Your instructions
What should you transcribe? Every line from the top of the records below through the line with "Fotografie Lanza Vanish", exactly, and no pictures.

Records supplied
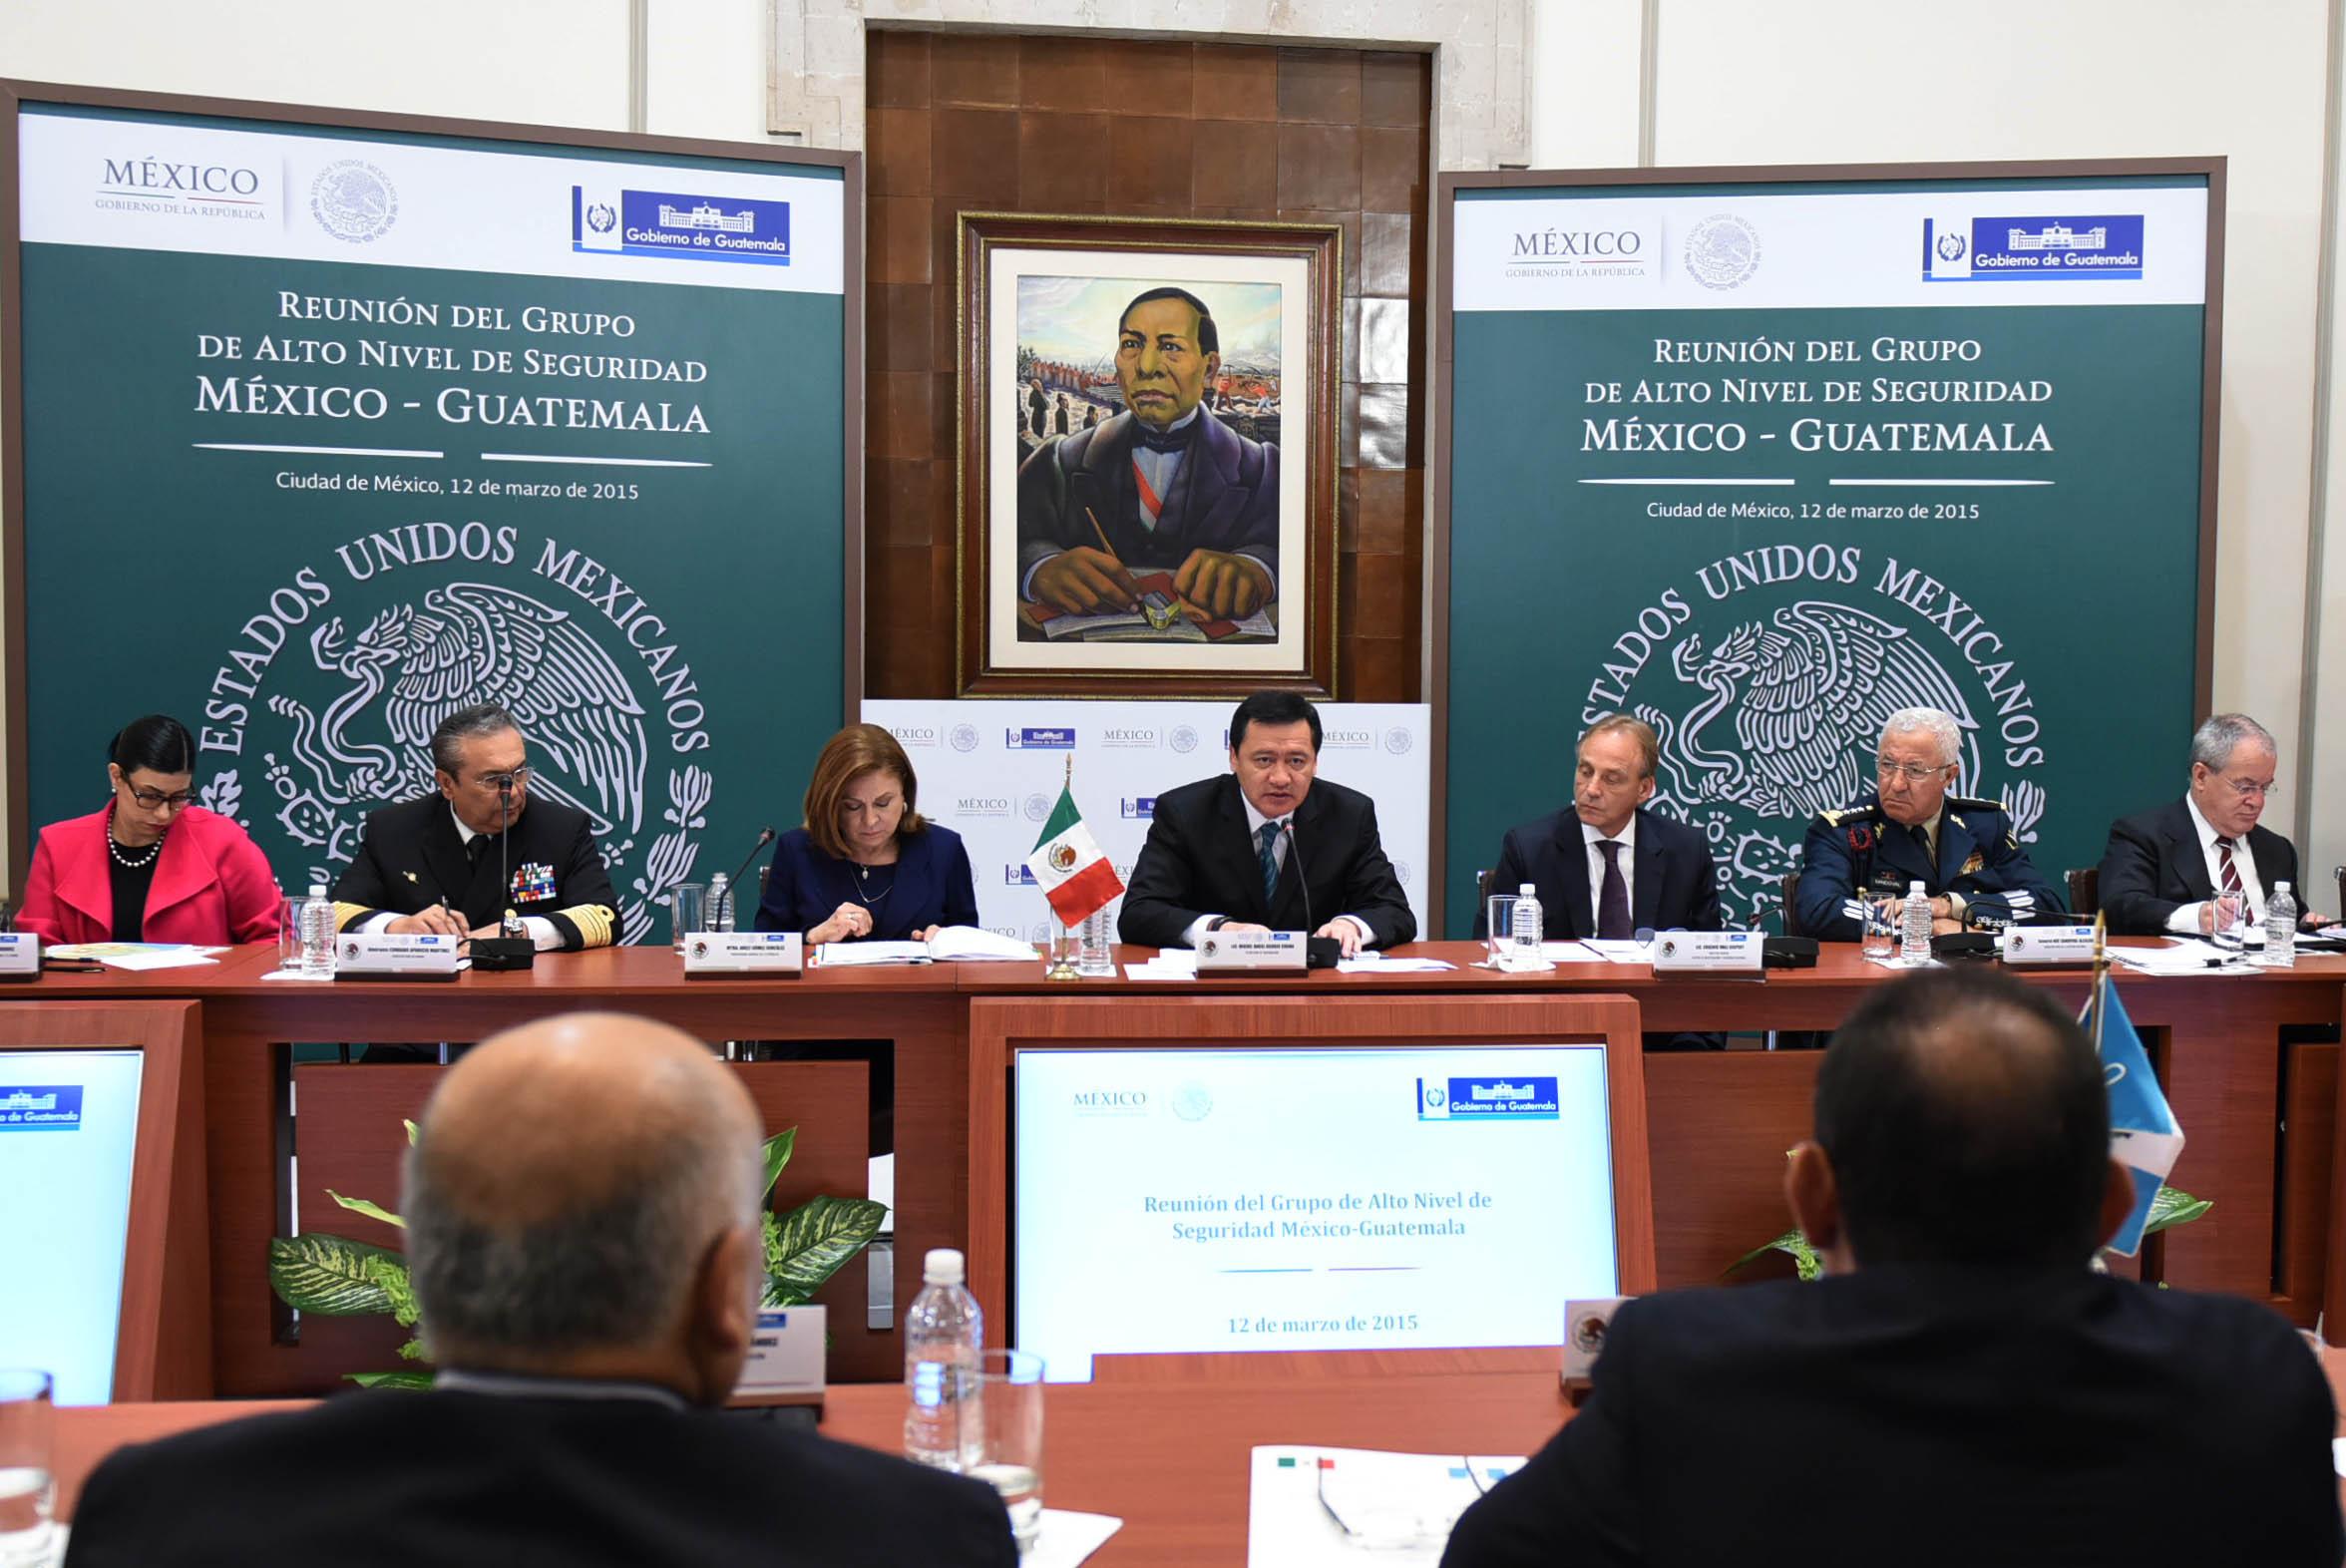 El Secretario de Gobernación, Miguel Ángel Osorio Chong, encabeza la Reunión del Grupo de Alto Nivel de Seguridad México-Guatemala
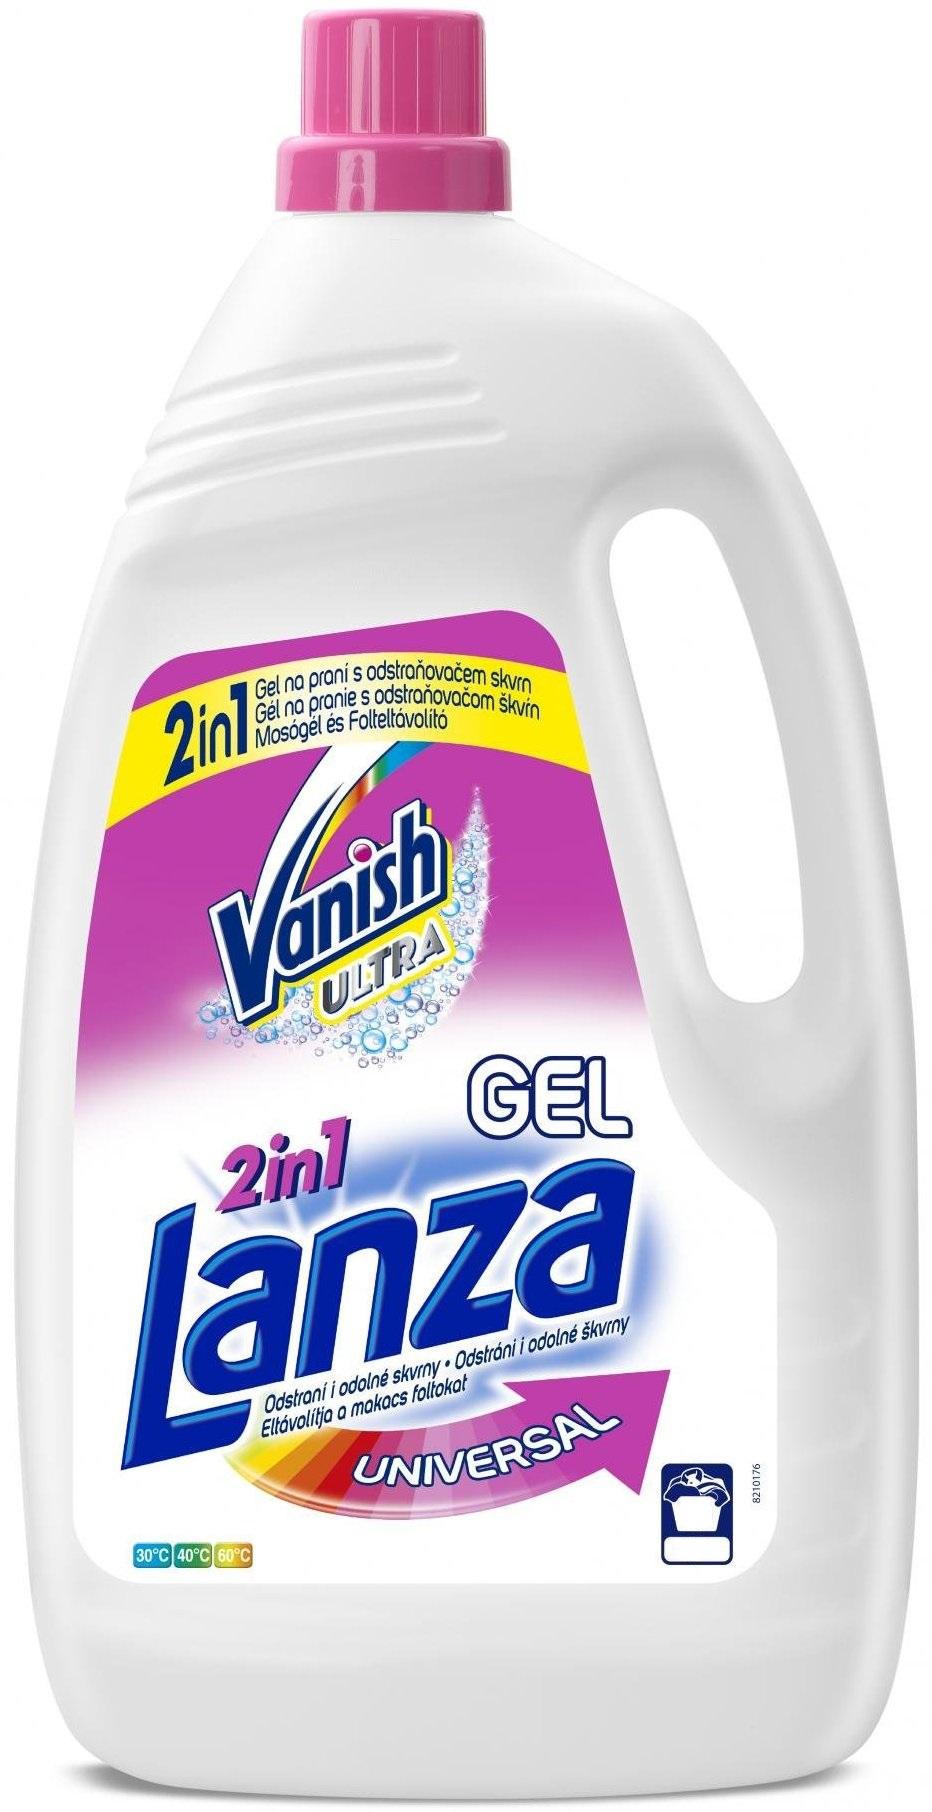 Fotografie Lanza Vanish Ultra 2v1 Universal prací gel s odstraňovačem skvrn na všechny druhy prádla 15 dávek 0,99 g
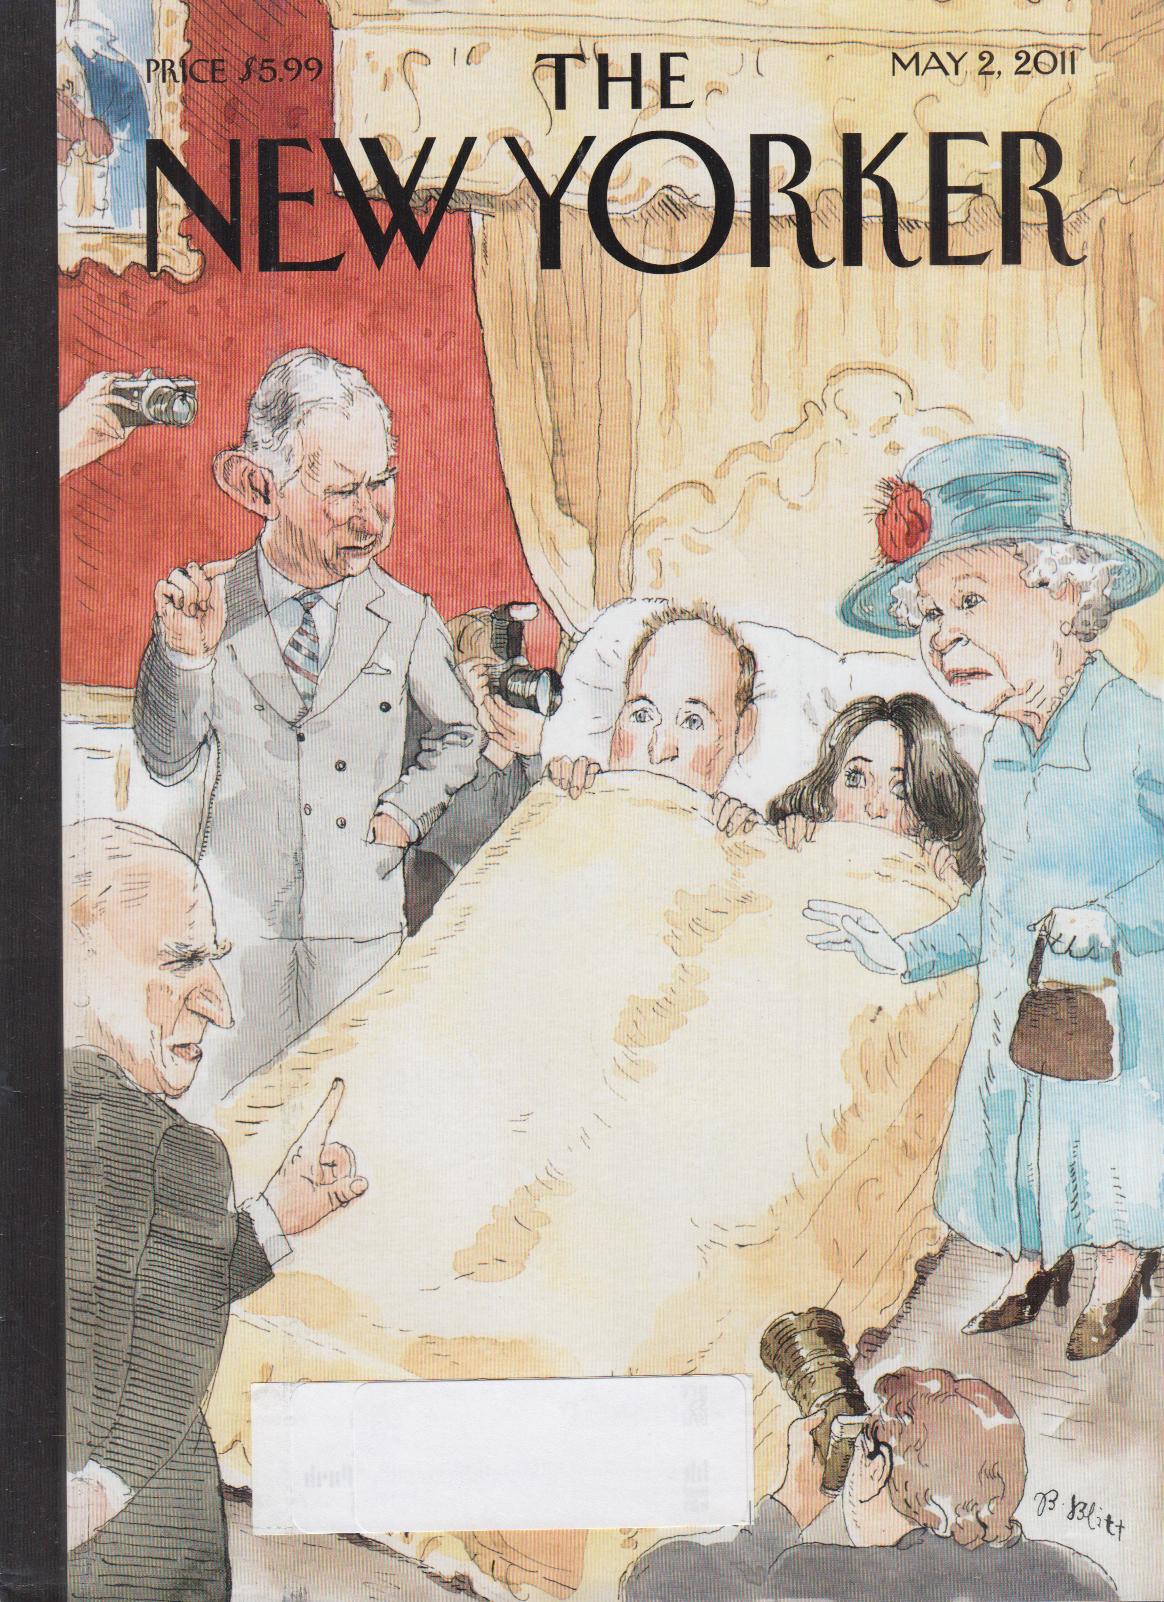 New Yorker cover Blitt 5/2 2011 Photogs & Queen in Prince William's bedroom
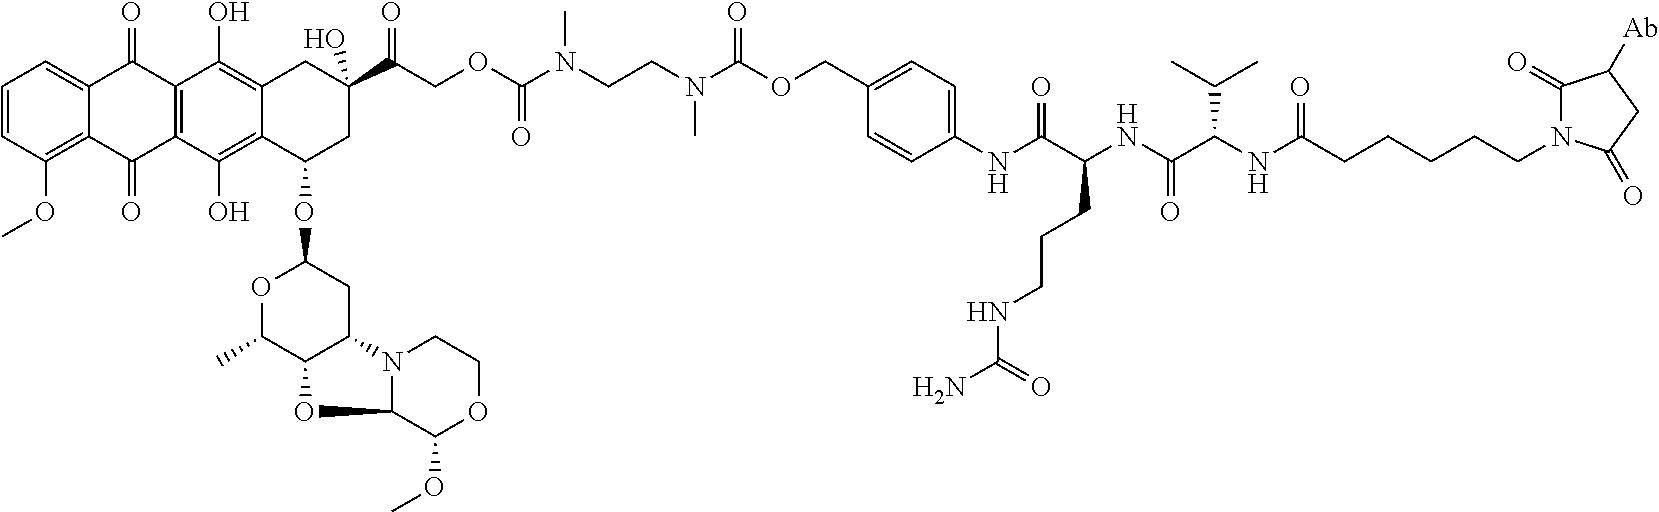 Figure US10059768-20180828-C00068
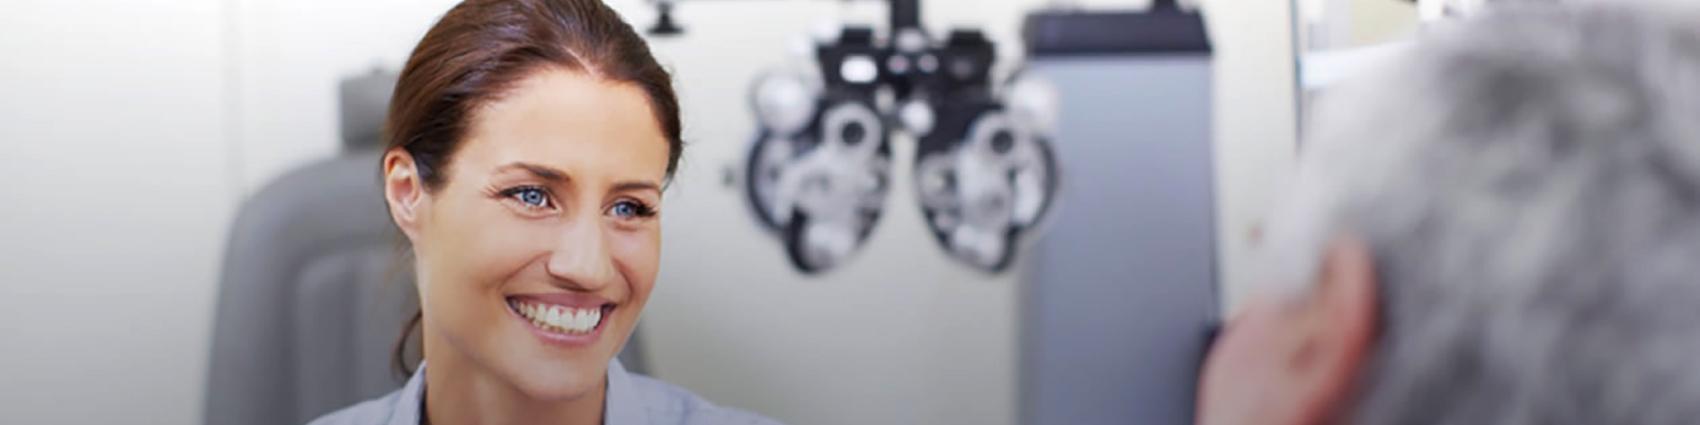 Oftalmološki i optometrijski pregledi

Exercise answer
 El Secretario de Gobernación, Miguel Ángel Osorio Chong, encabeza la Reunión del Grupo de Alto Nivel de Seguridad México-Guatemala
 Fotografie Lanza Vanish Ultra 2v1 Universal prací gel s odstraňovačem skvrn na všechny druhy prádla 15 dávek 0,99 g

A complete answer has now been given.